Thor Hansen, désormais résident américain depuis une décade et demie, a beaucoup de souvenirs à partager, et je suis plus qu’heureux de prêter une oreille attentive. « Quand Eric était aux commandes du poker au Golden Nugget au Mirage, il n’y avait jamais un siège de libre. Toutes les parties étaient pleines. Parce qu’il traitait tout le monde de la même manière, qu’il soient broke ou millionnaires. Pendant les World Series, tout le monde avait droit à du homard et des steaks, tous les soirs. Et même les journalistes comme toi étaient traités comme des rois. Une limousine allait les chercher à l’aéroport, et ils avaient droit à une suite pendant la durée du festival. » Cela me laisse rêveur, moi qui n’ai couvert mes premiers WSOP qu’au début du 21ème siècle. « Et il s’occupait aussi des gens qui travaillaient pour lui. Une fois, à Noël, il manquait d’argent pour payer les bonus de fin d’année à ses croupiers.
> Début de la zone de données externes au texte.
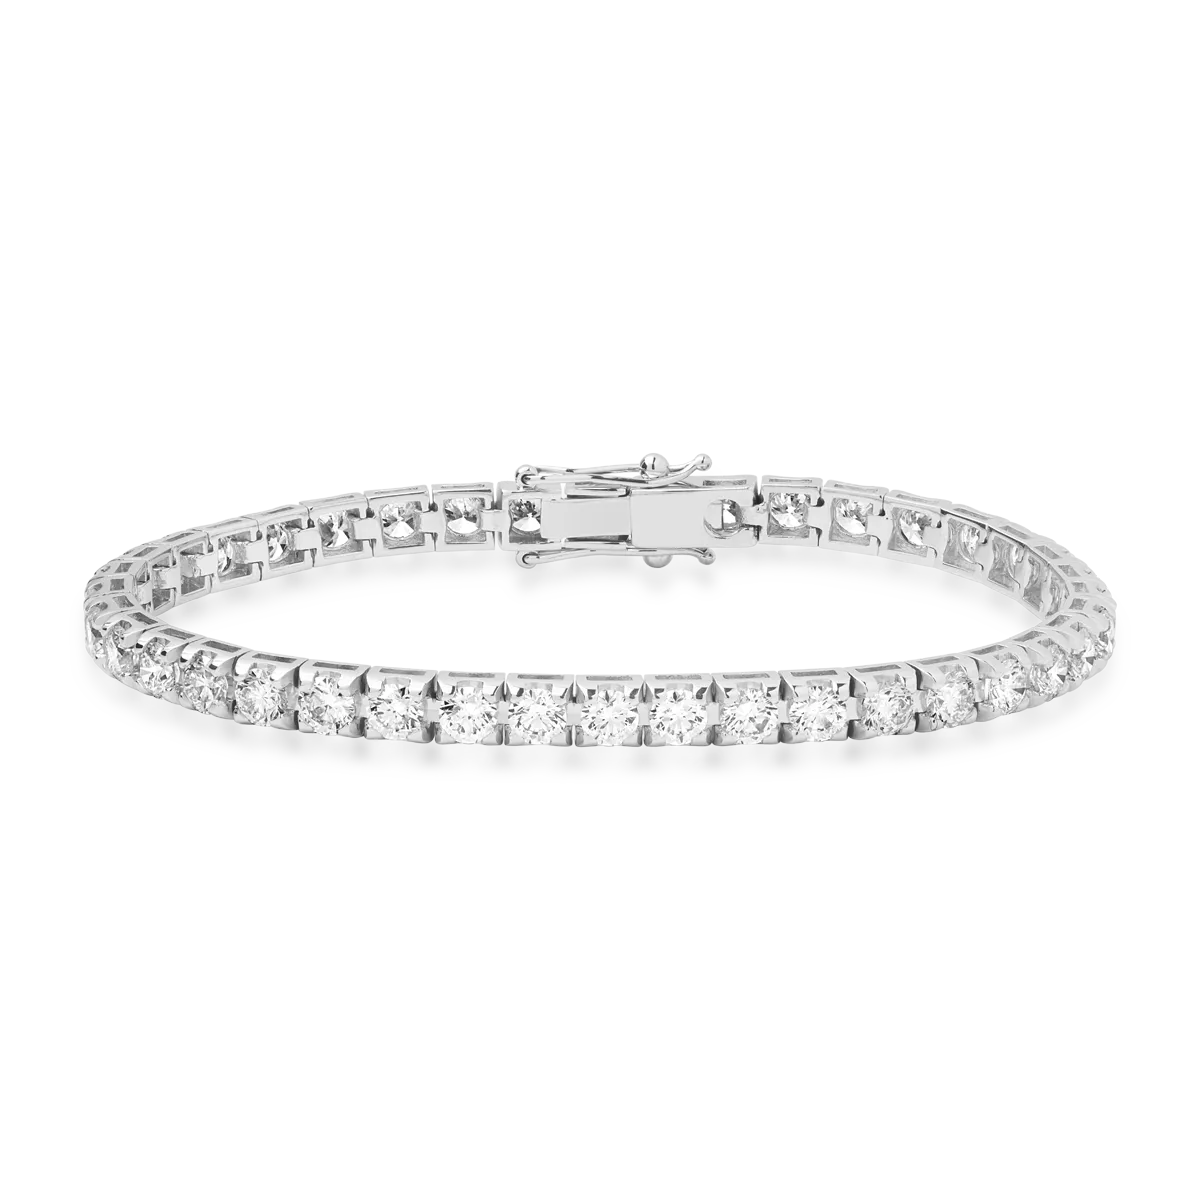 18K white gold tennis bracelet with diamonds of 6.5ct

Il savait que ces gars là aimaient jouer, qu’ils dépensaient leur argent à je ne sais quoi. Il ne voulait pas les laisser à court pour Noël. Qu’est-ce qu’il a fait ? Il a emprunté des dizaines de milliers de dollars, pas à une banque, bien sur, mais dans la rue, à des types louches. Il a payé des intérêts exorbitants durant des mois, mais cela n’avait pas d’importance. Parce qu’il avait rendu ses employés heureux pour Noël. »
Le type auquel Eric fait face à la table est aussi un personnage intéressant. Venu de Brooklyn, Freddie Ellis est un petit personnage malingre. En course pour devenir l’un des rares vainqueurs afro-américains de ces dernières années, et aussi pour devenir le vainqueur le plus agé depuis que Johnny Moss a remporté son dernier bracelet en 1988, à l’âge de 81 ans. La biographie que doit remplir chaque finaliste indique que Freddie a 67 ans, mais les observateurs ont une autre version de l’histoire. « Il a 74 ans », dit l’un d’eux. « Je ne sais pas pourquoi il s’est senti obligé de mentir à propos de son âge. Peut-être une erreur de sa part. » Le vieux Freddie a l’air fatigué, mais alerte, payant les relances d’Eric à tempo. Mais il n’est cependant pas favori pour remporter le match final de ce tournoi. « Freddie est un régulier des plus grosses parties de Stud d’Atlantic City », dit un joueur célèbre qui restera anonyme. « Il joue depuis que la partie a été crée, il y a des dizaines d’années. Un joueur perdant. Retraité de l’immobilier. Pesant plus de 250 millions, quelques uns d’entre eux ayant été perdus à la table. » Et pourtant, Freddie a lui aussi attiré pas mal de supporters autour de la table, grâce à sa nature bienveillante et humble. Les reporters de PokerNews, d’habitude pas du genre à prendre parti, ont fait de Freddie leur favori depuis le début du tournoi.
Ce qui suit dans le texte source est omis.